Wednesday, March 8, 2017

routines

So I've recently come into a morning routine. Recently like about a week ago. I'm not a routine person, never really aspired to or desired more routine in my life.... I've always preferred to be spontaneous and to go with the flow and all that kind of thing. But every now and then I'm reminded of the value of a routine, especially in certain inherently repetitive aspects of life. Morning is going to be roughly the same thing whether I have a routine or not: there will be waking, coffee, preparing our kid's lunch, getting breakfast on the table, making sure said kid gets to school, getting my own butt to work, etc. So when someone suggested a morning routine to me, I decided to give it a try. It's nothing new, no new ideas of what to include in that routine, just plugging in a little time for meditation. In my case, some in the house and then while the oatmeal is baking (dude, haven't tried baked oatmeal yet? check it out) taking the dog for a walk around the park. I'm not very good at routine, though, because I've been so resistant to it my entire life. Last week went pretty well with it until Sunday morning when I just slept in because that's what one does on Sunday mornings. Then Monday morning went alright, but Tuesday morning I just wasn't getting out of bed yet. This morning I'm up earlier than my "official" routine starts, which is why I'm here.

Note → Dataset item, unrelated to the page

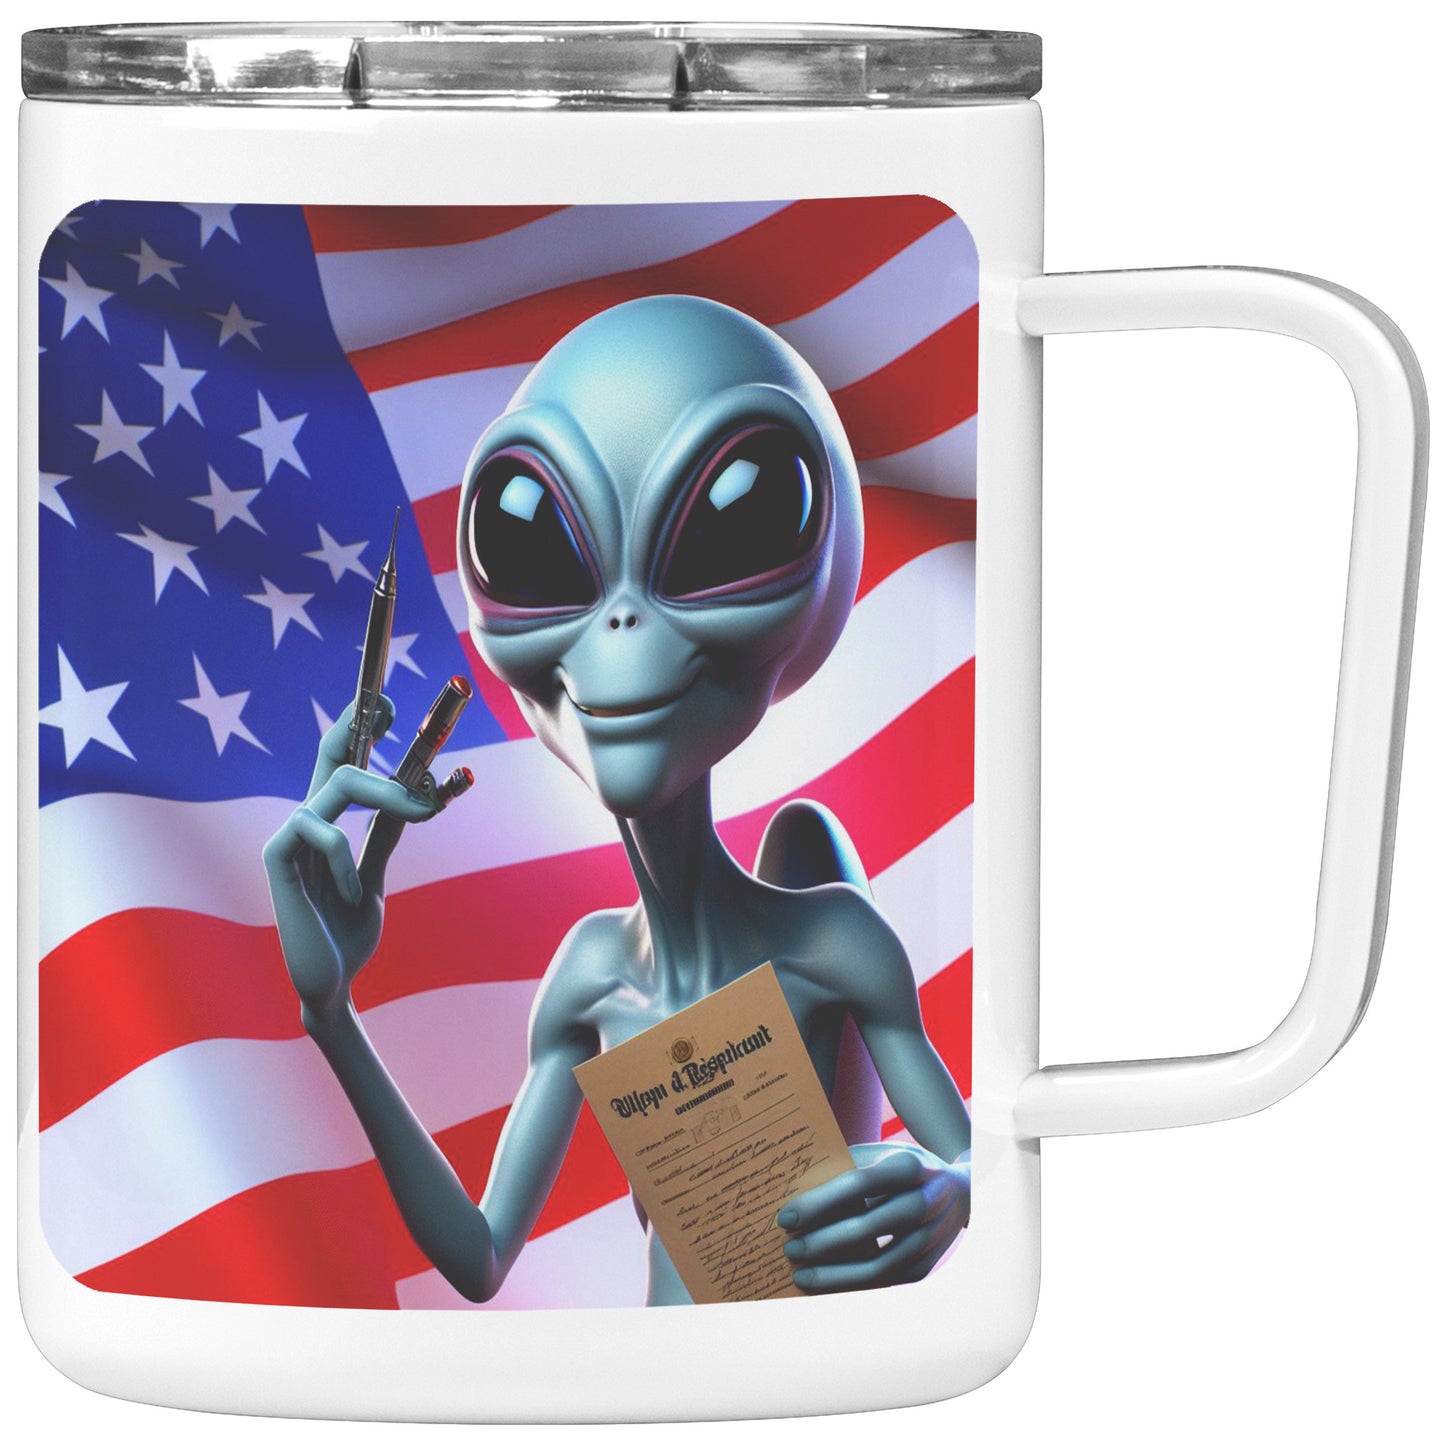 Nebulon the Grey Alien - Insulated Coffee Mug #13

And now I'm at a loss as to what to write. I think I had an idea of what I wanted to write, but now it's gone. Lost in the mire of routine.

Saturday, March 4, 2017

writing just to write - 4 March 2017

I don't know what I'm going to write here. I'm just writing. I keep getting these reminders of how hard it is to write if you don't practice, and I don't practice. There are reasons. Always reasons. Excused. I'm a slave to King Busy. I'm a father, a husband, a small business owner, no one's paying me to write and I've got "better" things to do with my time. But is it "better" to stare at facebook for an extra 20 minutes? Last week, I spent 83 minutes watching the worst movie I've ever seen. Literally. What could I have written in those 83 minutes? I don't know. I'll never know, but I can find out what I'll write in the next 10 minutes right now, and that's exactly what I'm planning to do. Cave mode is on. Well, not literally, because I'm on the Foley stage computer and that control room is not cave compatible, but the browser only has one tab open (this one), the email client is quit, my phone is in silent mode (and screen-side down), and the rest of the house is still sleeping. So I've got nothing better to do than write. Just write. Not edit. Maybe I'll do that later, maybe I won't. This is full on stream of consciousness writing at the moment, though, although I can't seem to stop myself from occasionally pausing to think about what comes next and definitely can't stop my fingers from correcting typos. That's just muscle memory, I think, but the former.... is that a bad habit or a good one developing? I think it's a good one developing. I want to go back and edit that sentence, but I'm not going to. I think the pause and think where is this stream going... that's a good thing, I think, even if I don't go anywhere interesting with it. Which I'm not doing right now. Certainly not. I'm just writing. Well, listening to Beyoncé and writing. I guess that's not really cave mode compatible, is it? But it does seem to go with writing better than it does with dialog editing, and I do it with dialog editing sometimes, too (low volume comparatively, and preferably instrumental music), so I'll allow it. I'm not in airplane mode, though, which is what I usually do in cave mode on the phone. I don't think that makes a big difference, though, at least not today. Pausing to sip coffee is definitely cave mode compatible. And, now, my kid is out of bed, 4 minutes before I'd said I'd keep writing.

Wednesday, March 1, 2017

the creative process

Today I had the distinct pleasure of screening a short movie which has not yet been released, and while I'm dying to gush about it I don't think I'm allowed to yet. But I can and will say that my creative juices are flowing in the aftermath of watching this. I don't trust myself to say any more right now.